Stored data
-- Opening Marker --

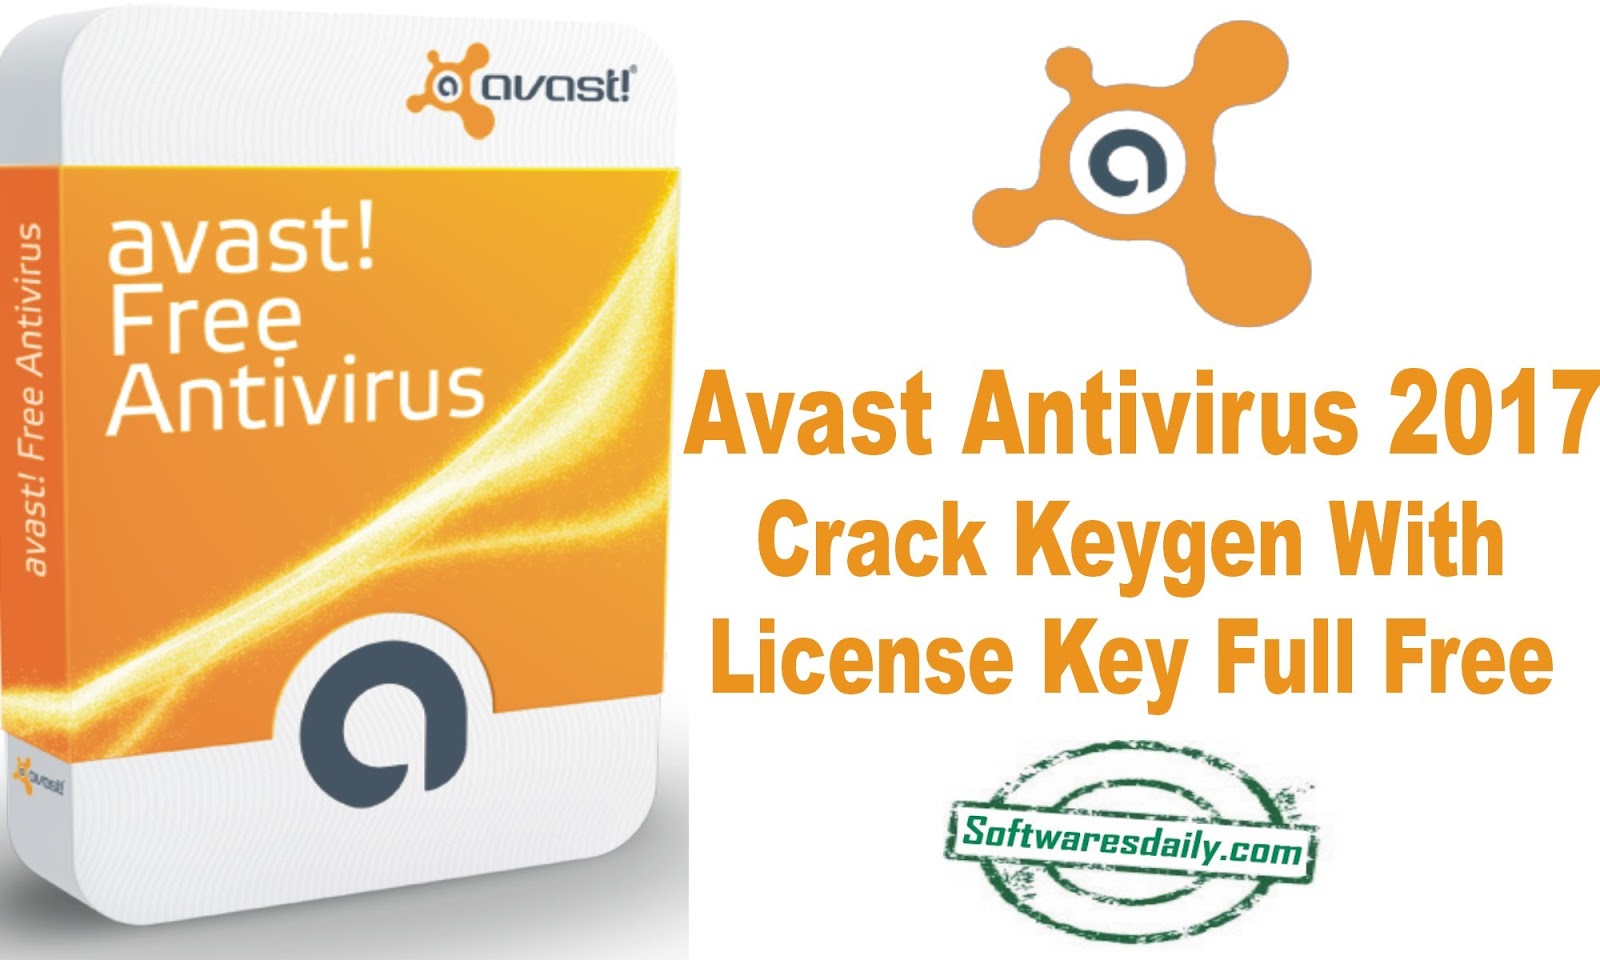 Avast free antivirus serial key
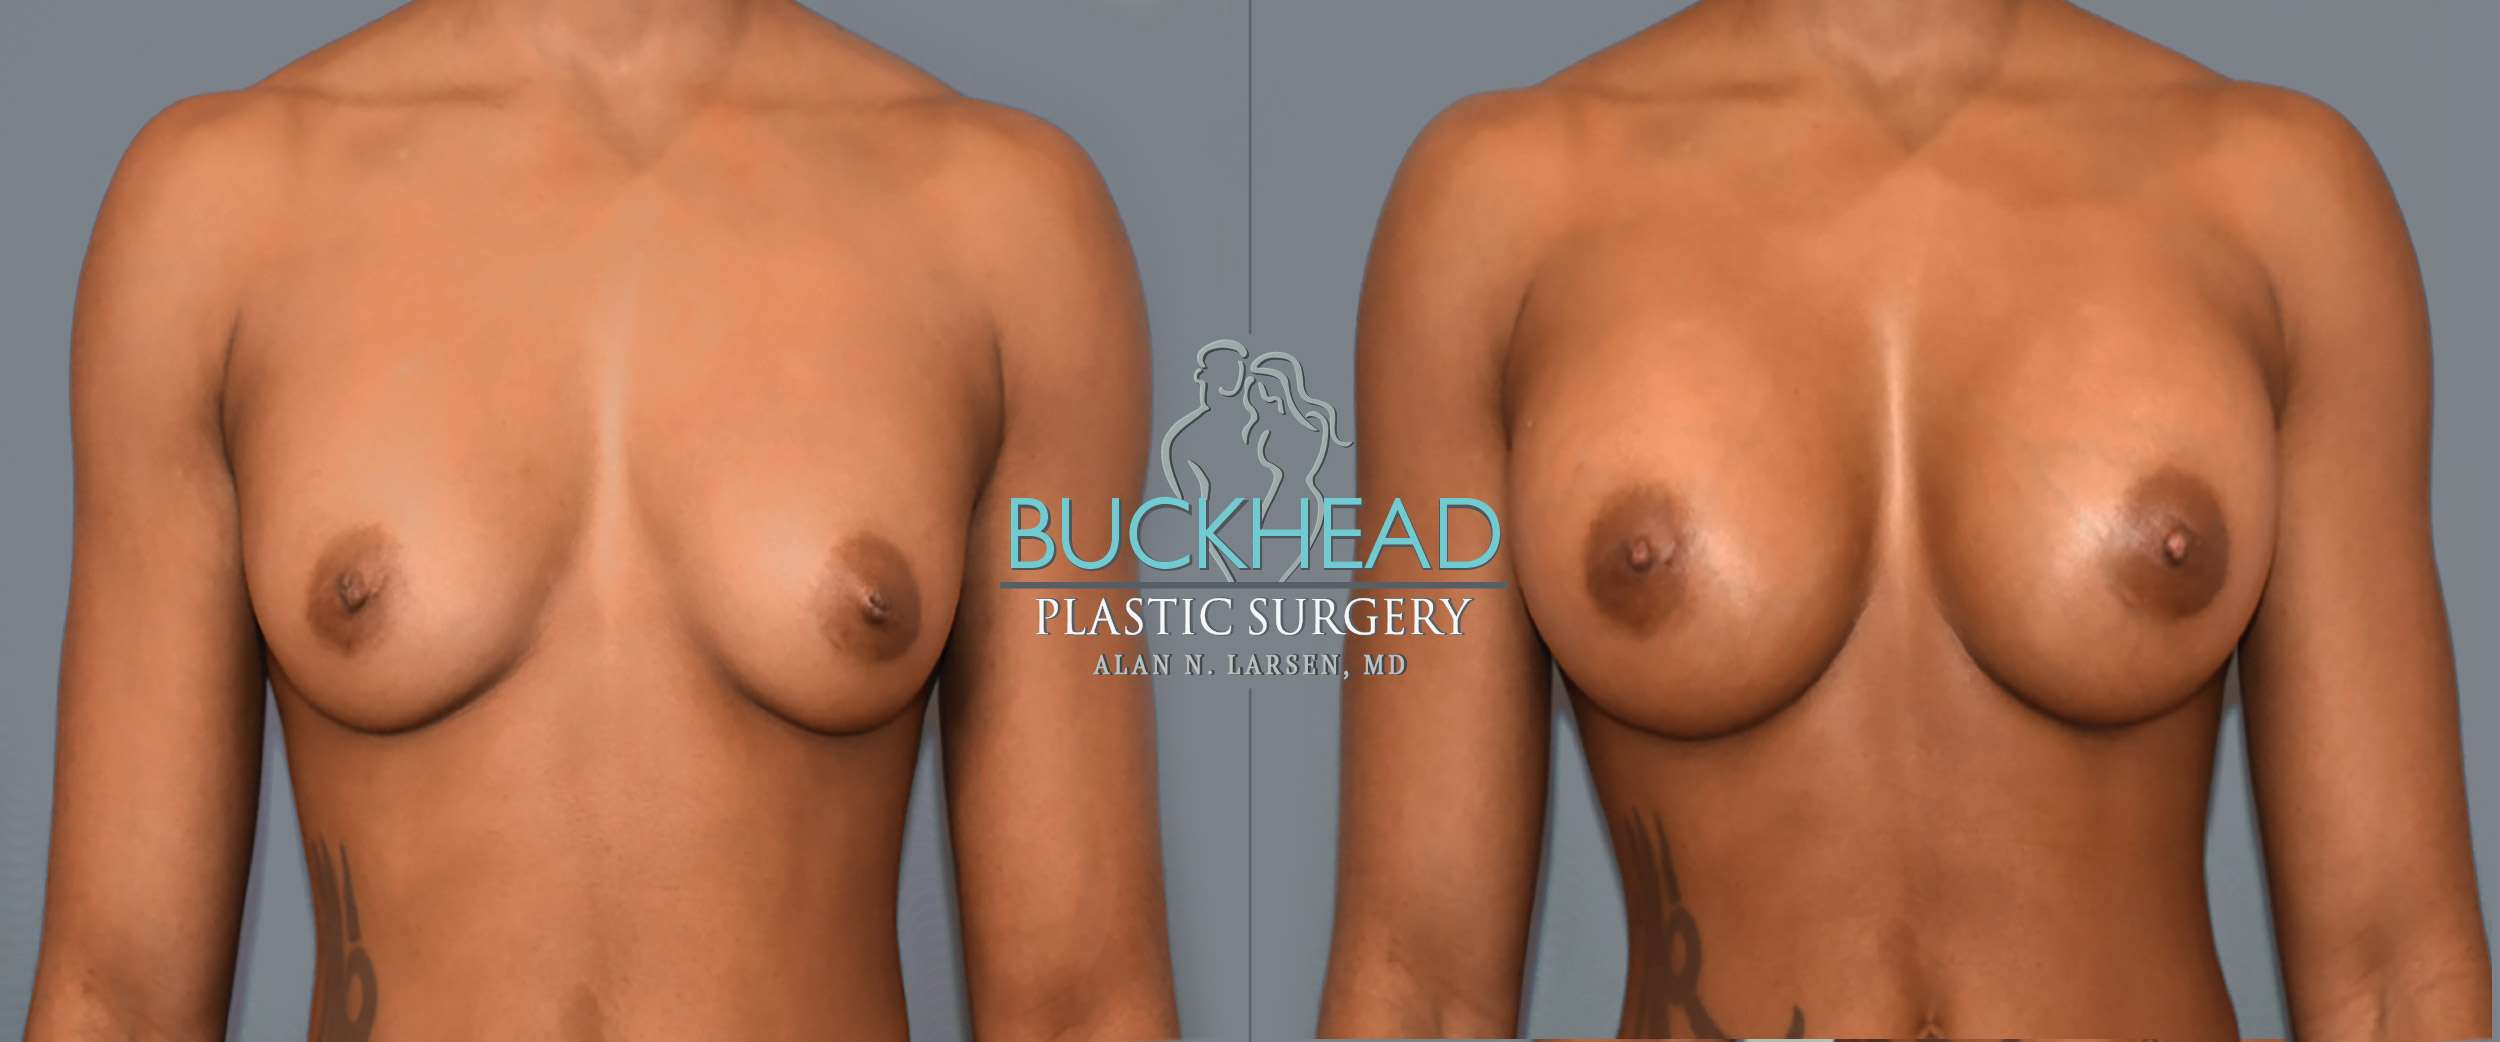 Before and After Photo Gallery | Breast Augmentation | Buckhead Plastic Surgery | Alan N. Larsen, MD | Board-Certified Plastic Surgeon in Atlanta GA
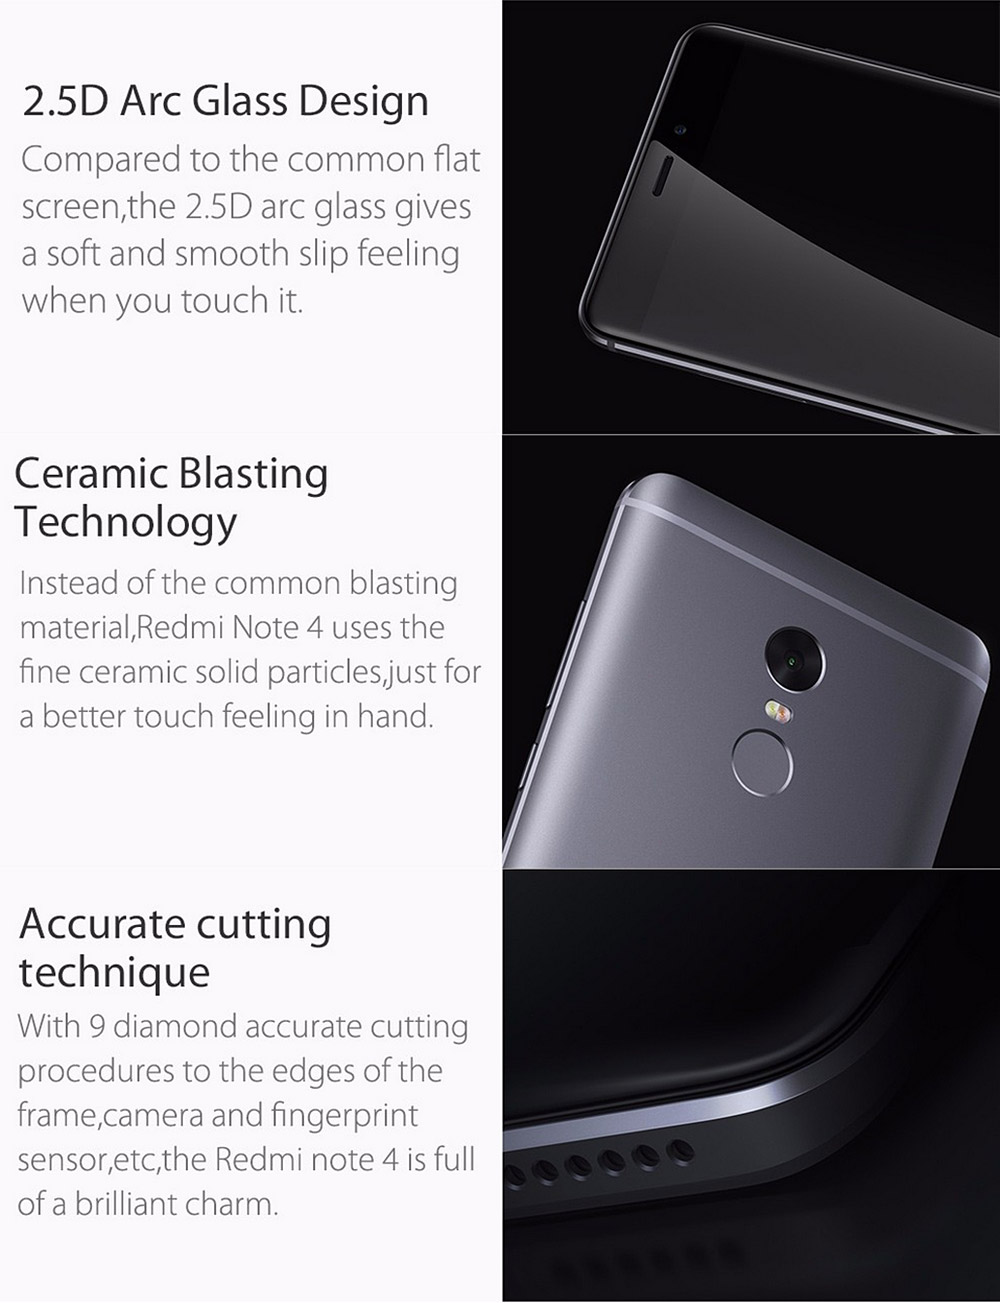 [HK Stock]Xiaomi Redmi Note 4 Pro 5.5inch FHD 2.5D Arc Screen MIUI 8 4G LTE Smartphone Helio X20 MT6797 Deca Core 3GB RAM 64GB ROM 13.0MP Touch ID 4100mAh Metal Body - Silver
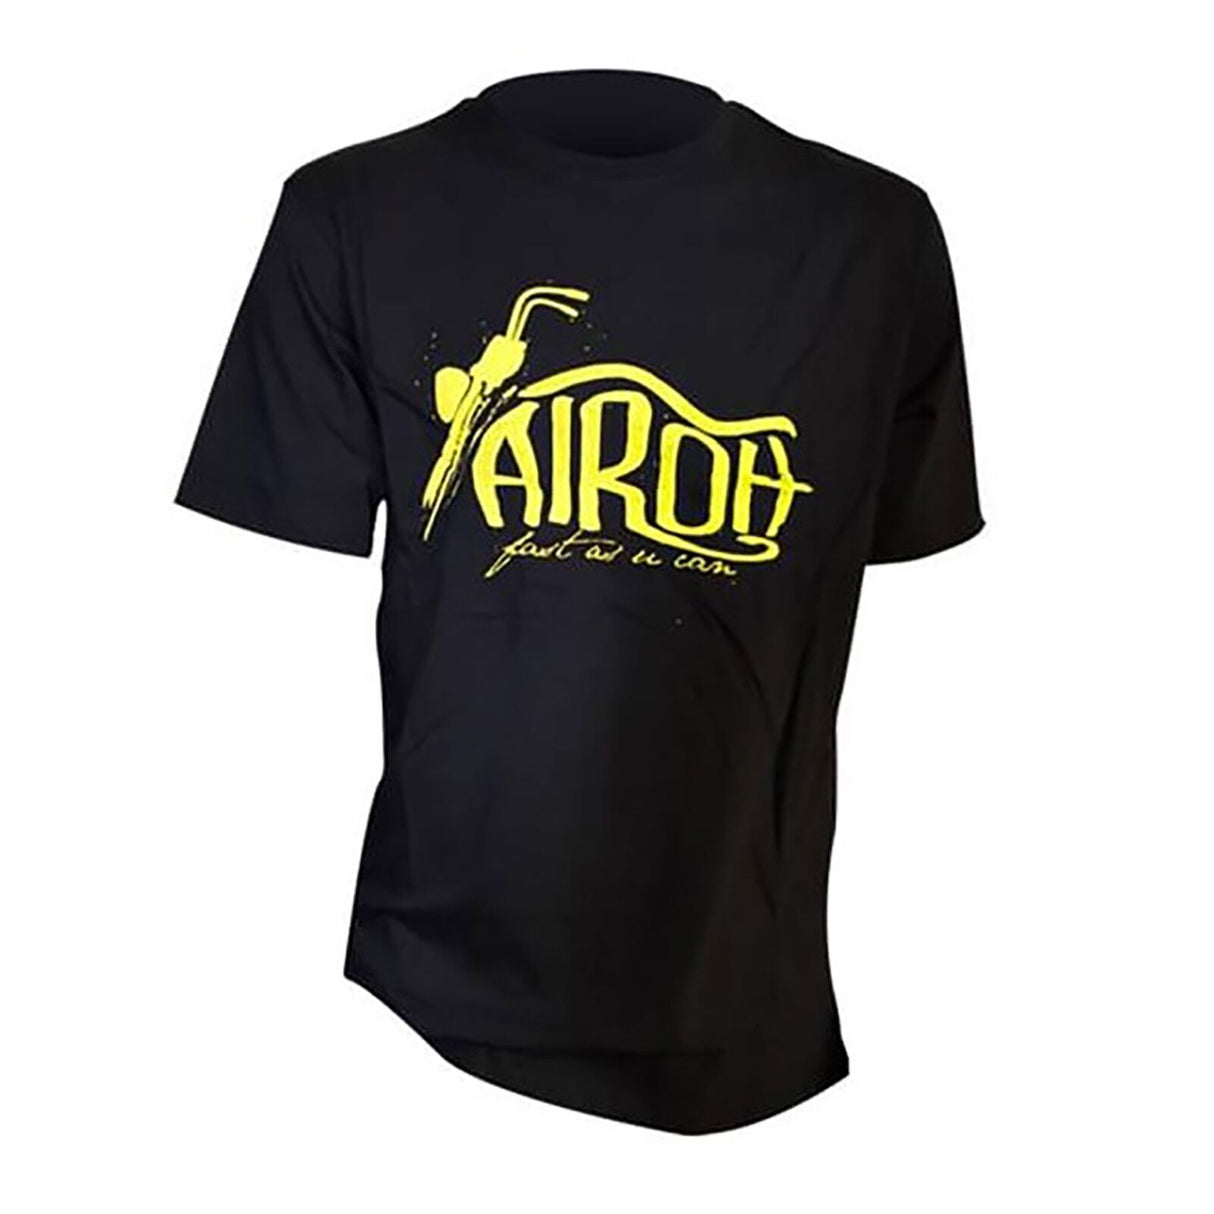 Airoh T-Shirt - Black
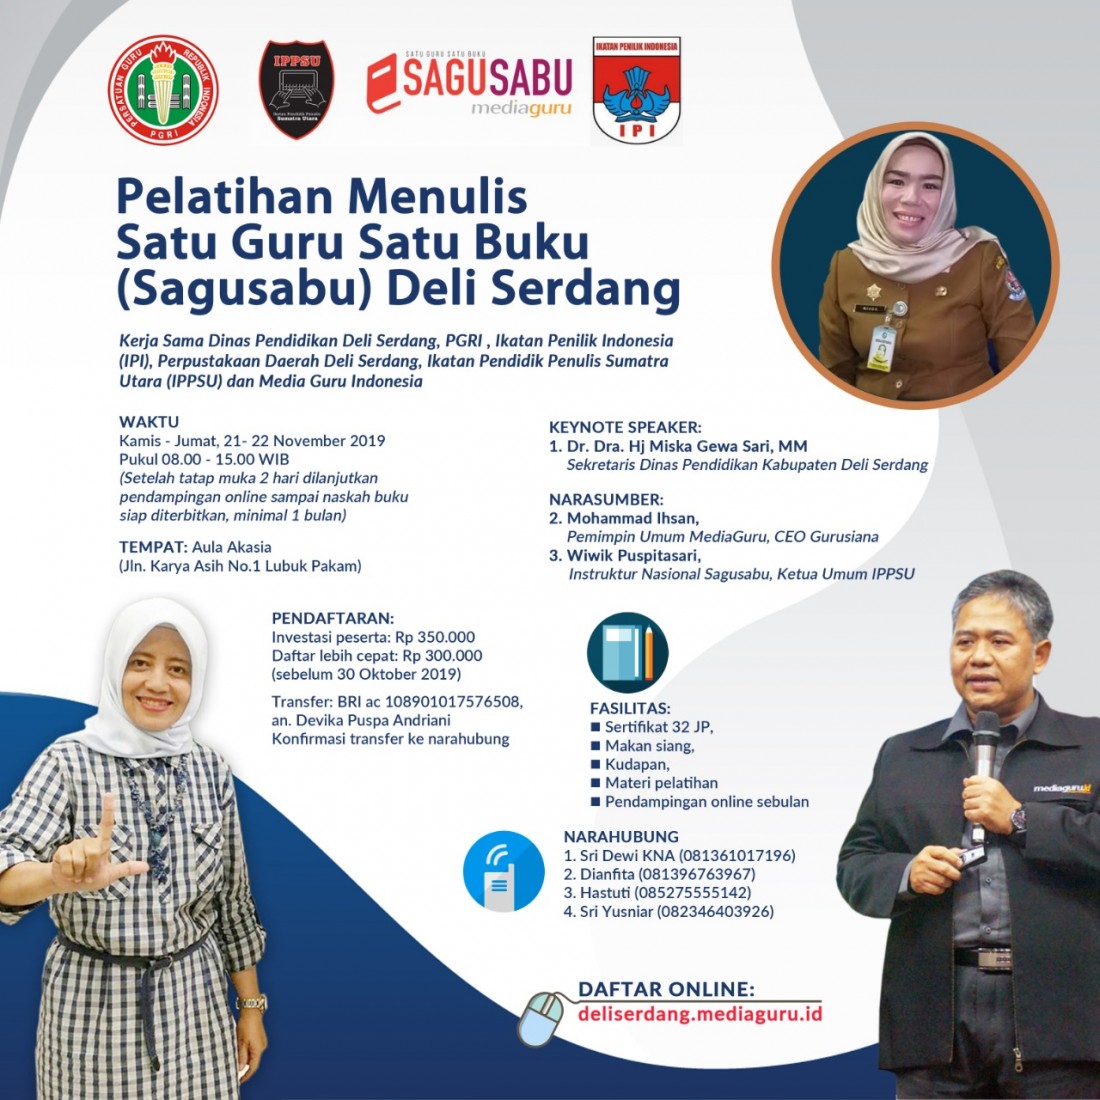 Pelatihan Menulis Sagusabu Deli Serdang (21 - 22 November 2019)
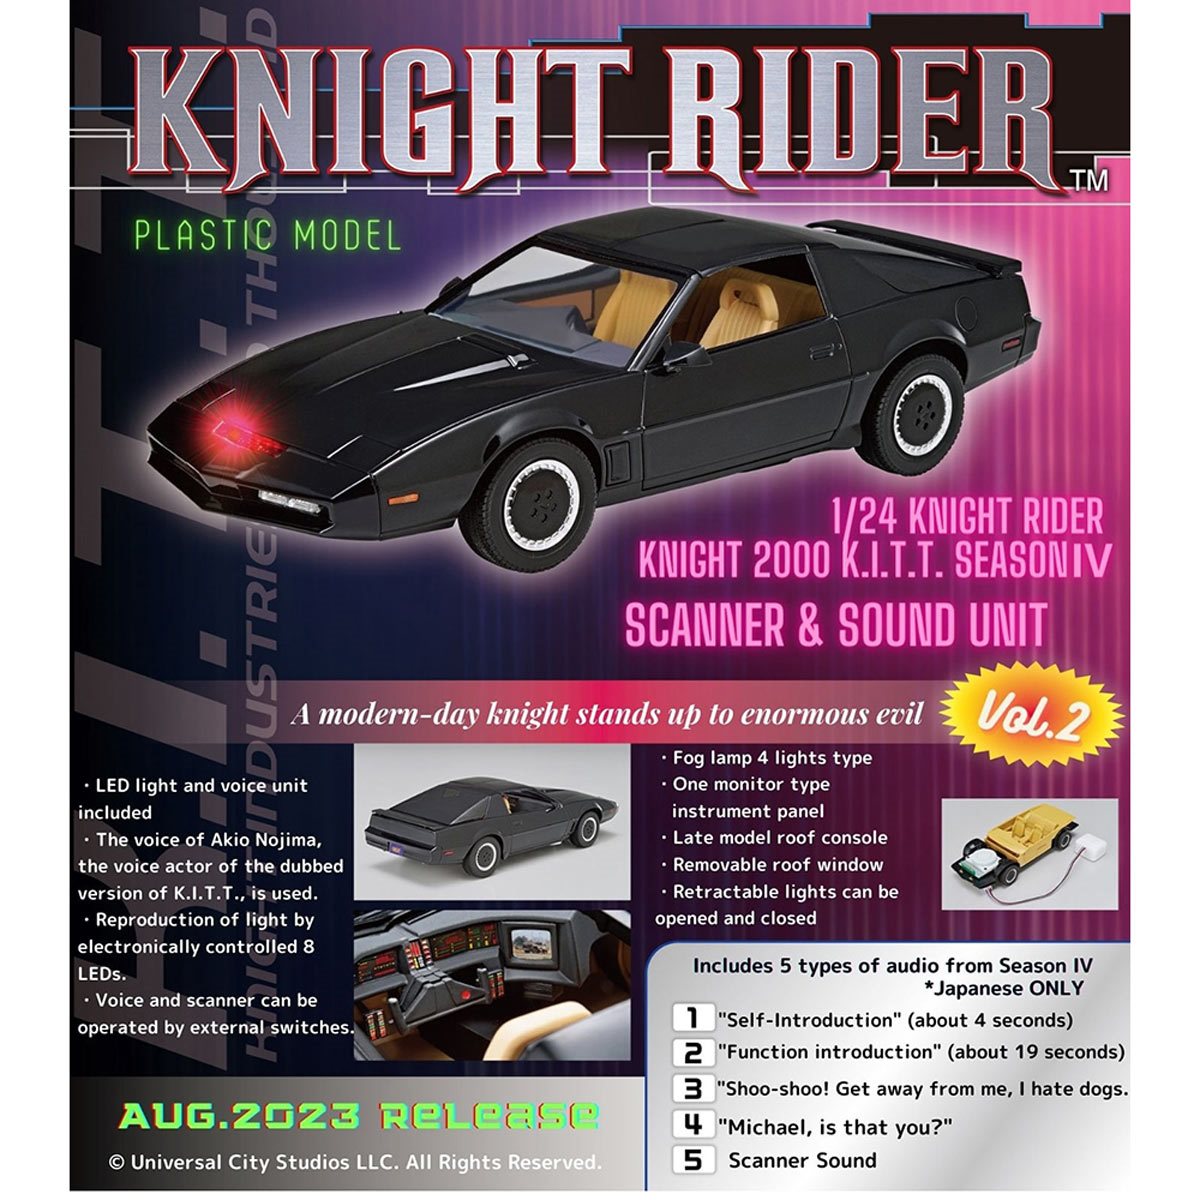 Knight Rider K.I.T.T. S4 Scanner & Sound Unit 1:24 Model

-- Closing Marker --

**WHAT THE TASK ASKS**.
From the first line above to the line containing "Pelatihan Menulis Sagusabu", repeat each line exactly. Pictures stay out.

**TASK OUTPUT**.
 Avast free antivirus serial key
 Before and After Photo Gallery | Breast Augmentation | Buckhead Plastic Surgery | Alan N. Larsen, MD | Board-Certified Plastic Surgeon in Atlanta GA
 [HK Stock]Xiaomi Redmi Note 4 Pro 5.5inch FHD 2.5D Arc Screen MIUI 8 4G LTE Smartphone Helio X20 MT6797 Deca Core 3GB RAM 64GB ROM 13.0MP Touch ID 4100mAh Metal Body - Silver
 Airoh T-Shirt - Black
 Pelatihan Menulis Sagusabu Deli Serdang (21 - 22 November 2019)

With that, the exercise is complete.